» Brief:
An exact copy is required of every line from the one with "Collection of June" through the end of the data below, and the pictures must stay out of it.

» Supplied information:
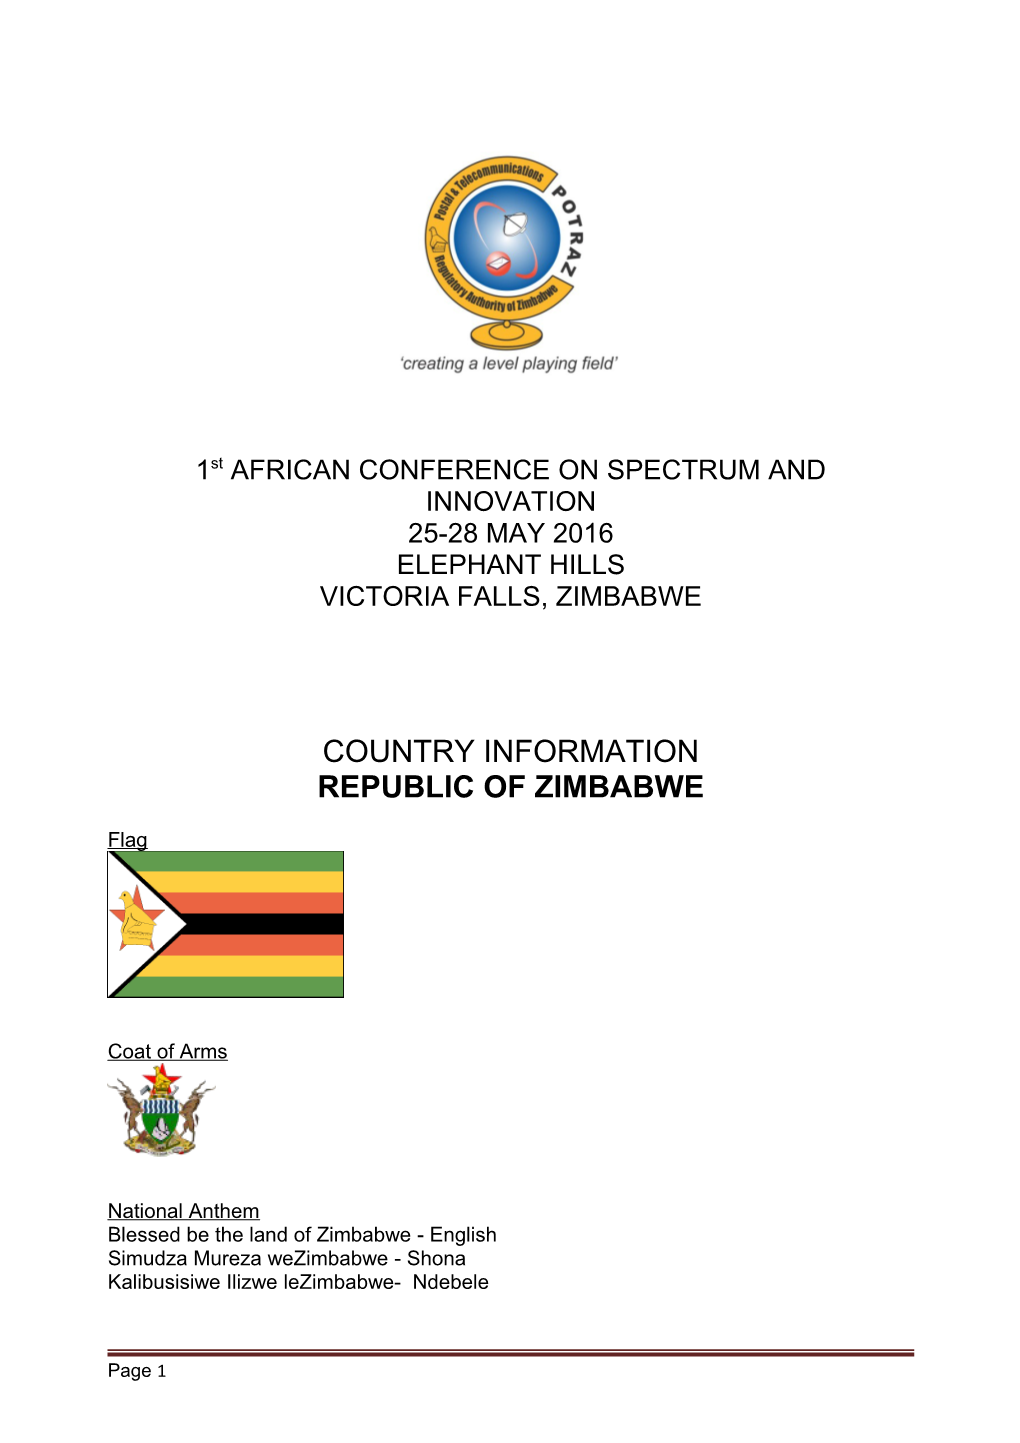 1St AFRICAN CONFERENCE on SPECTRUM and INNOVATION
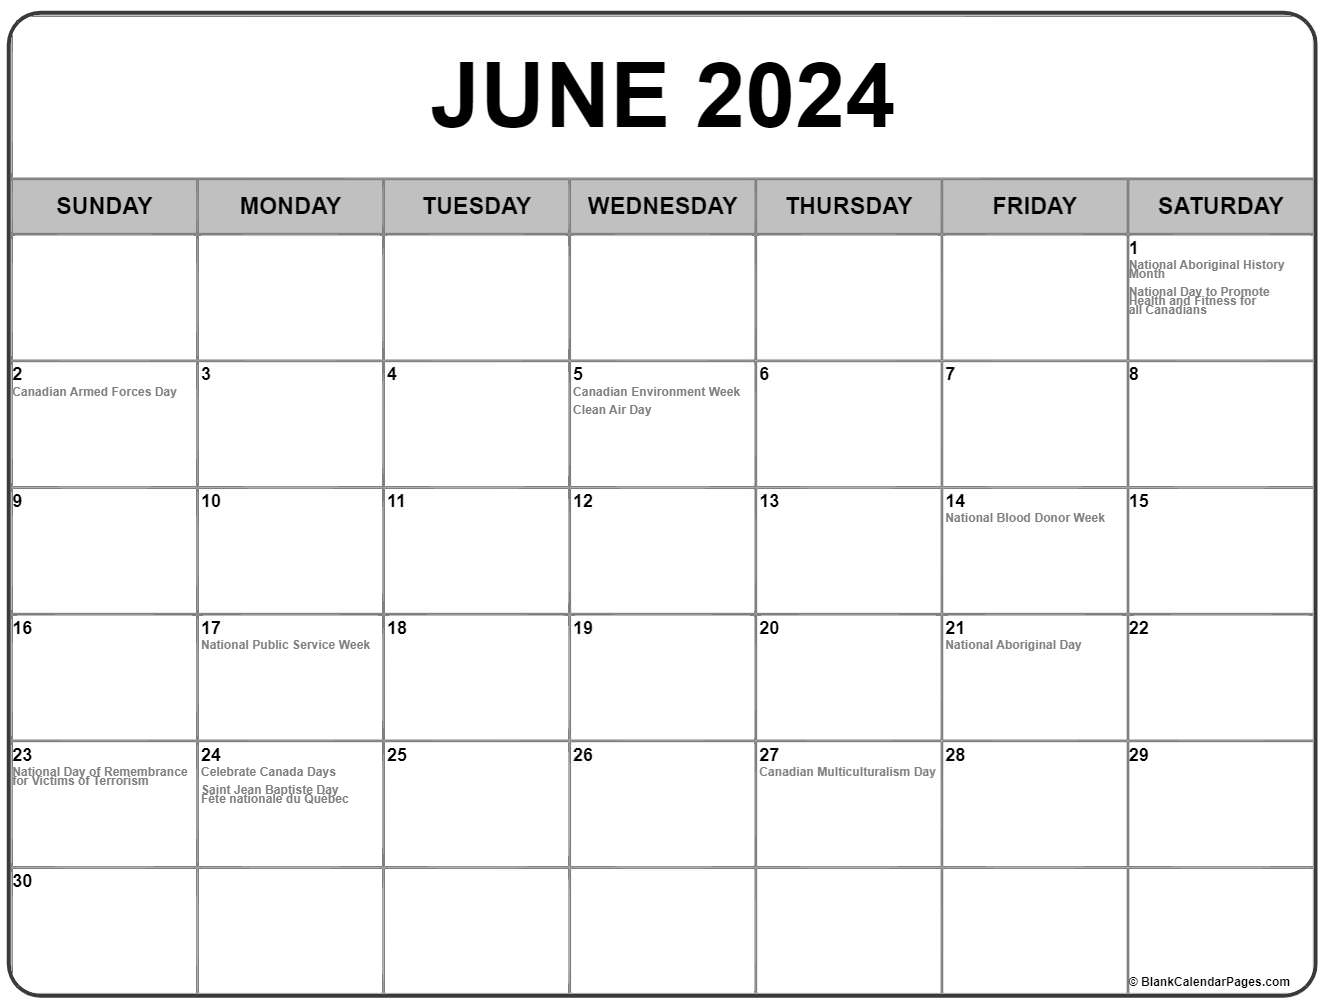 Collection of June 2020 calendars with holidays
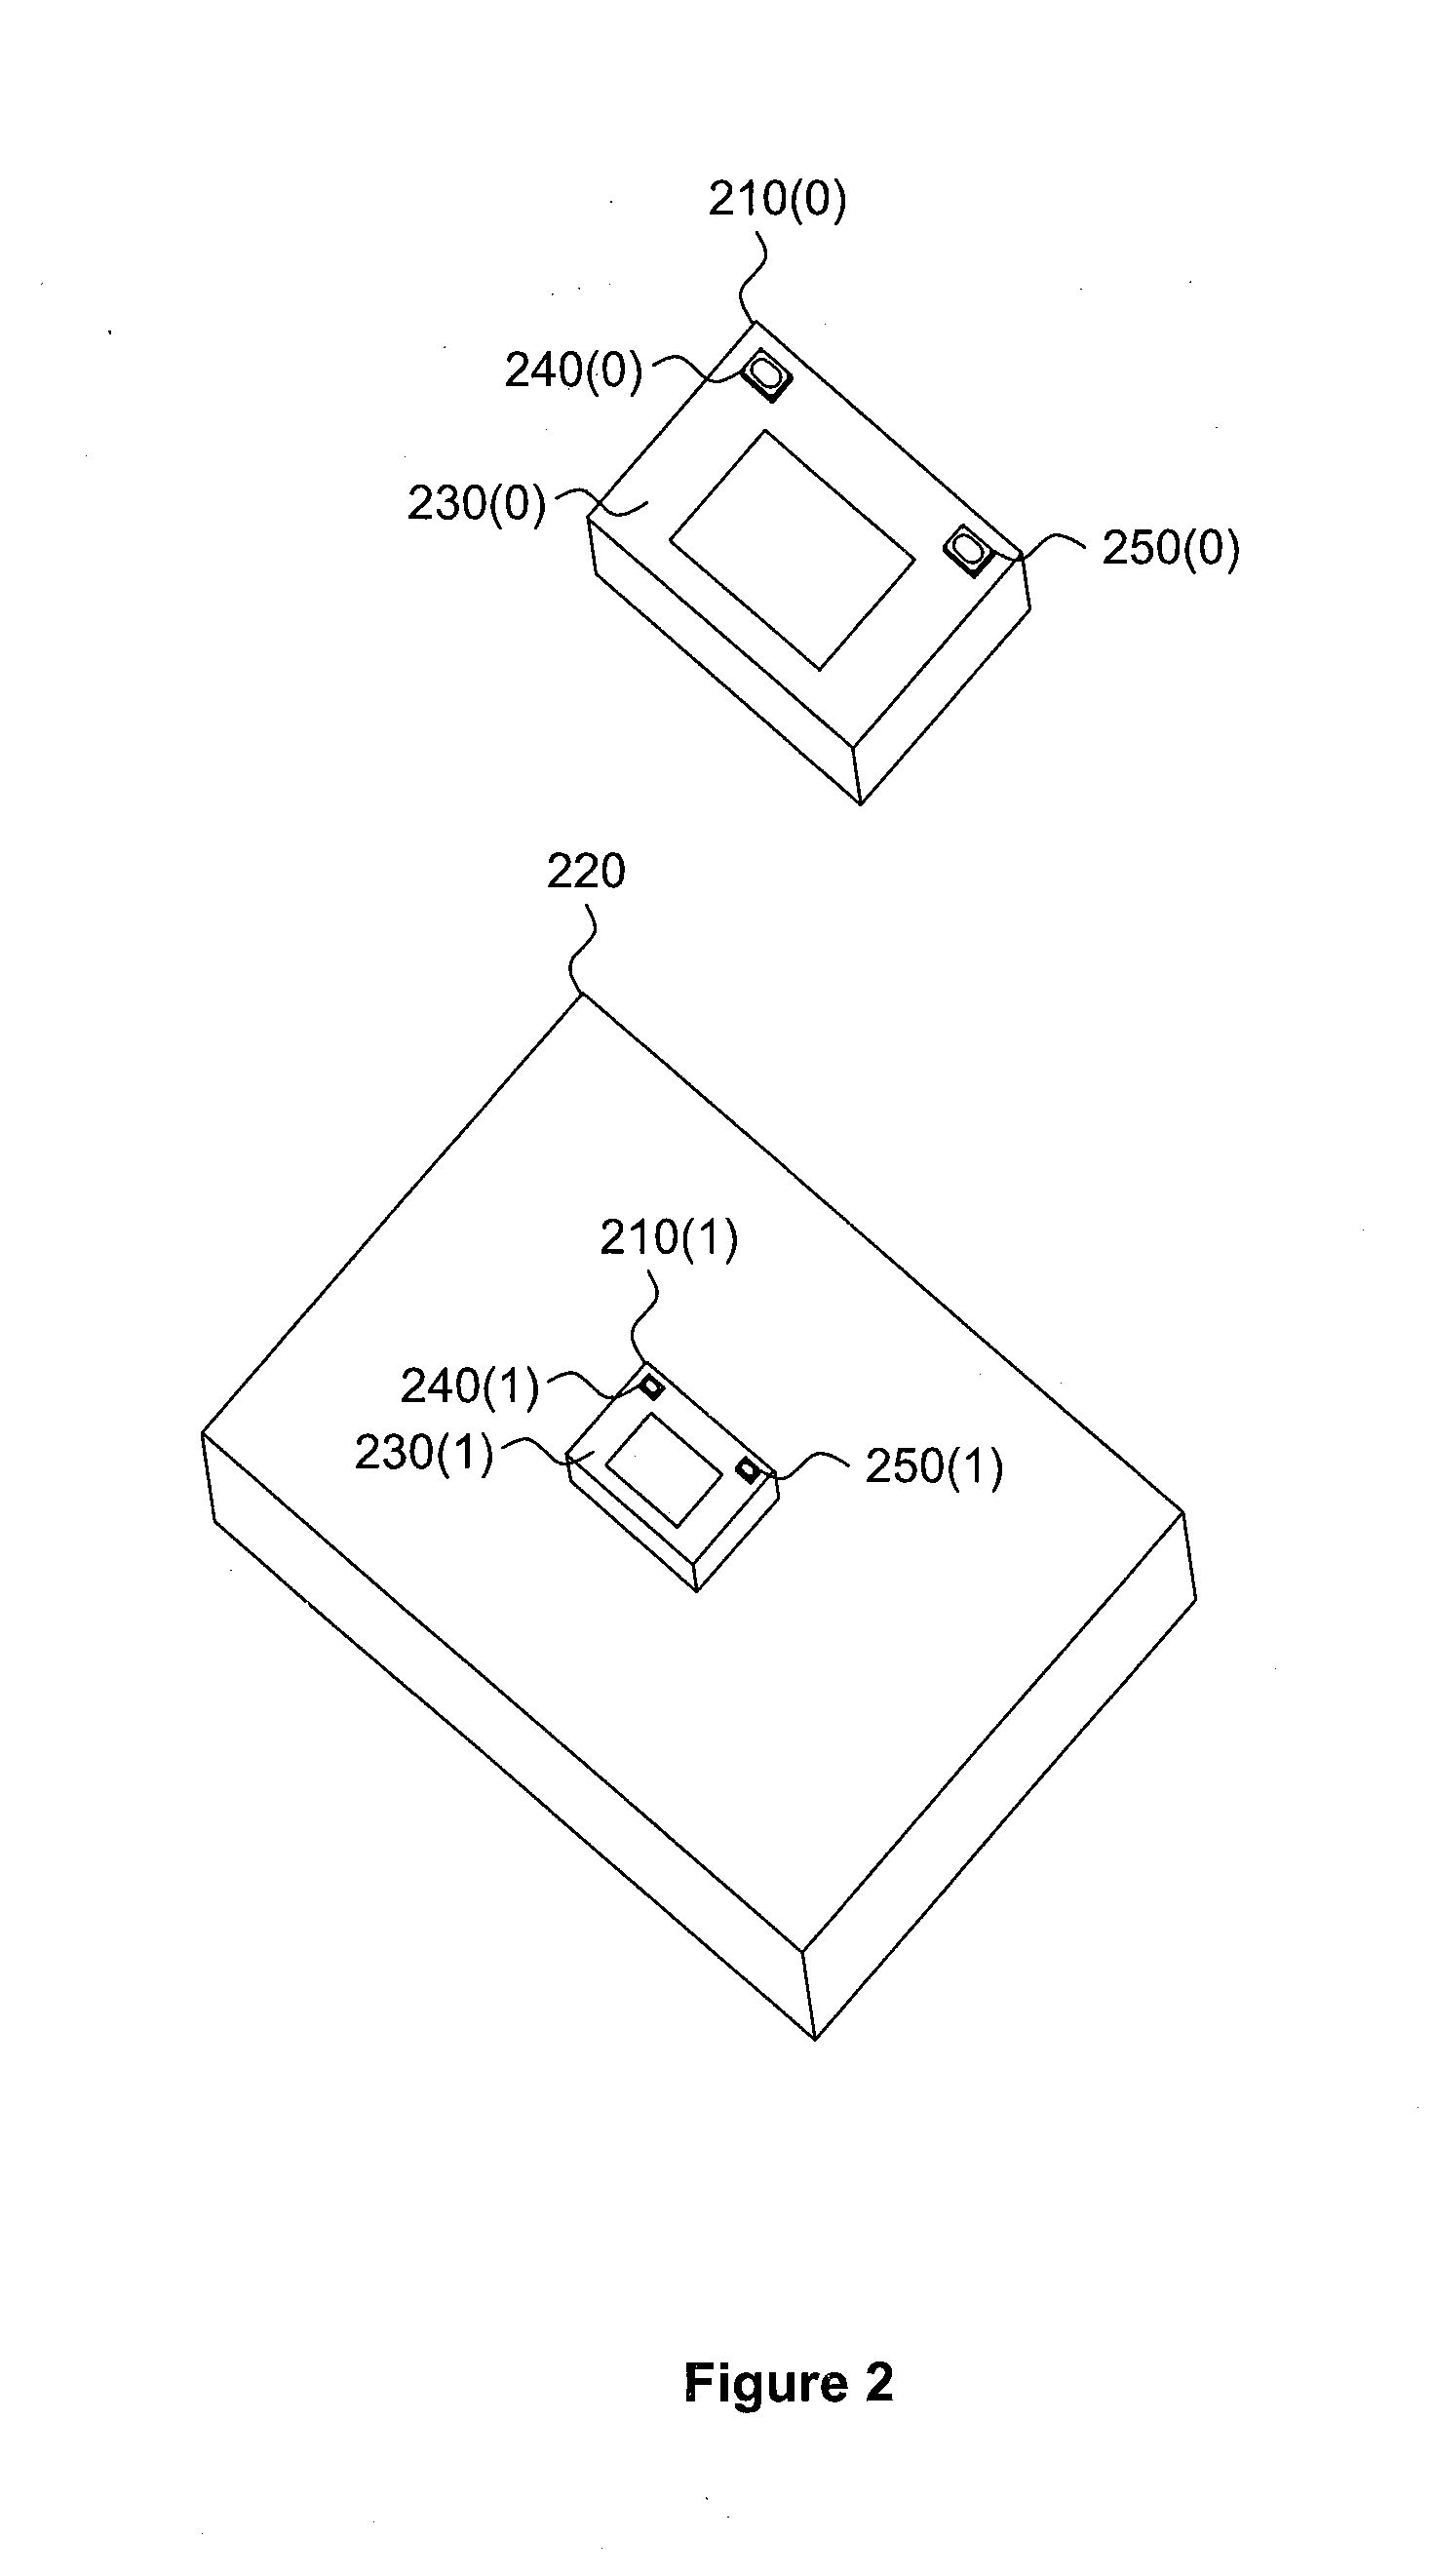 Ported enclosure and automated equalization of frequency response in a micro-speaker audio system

» Answer to the exercise:
 Collection of June 2020 calendars with holidays
 Ported enclosure and automated equalization of frequency response in a micro-speaker audio system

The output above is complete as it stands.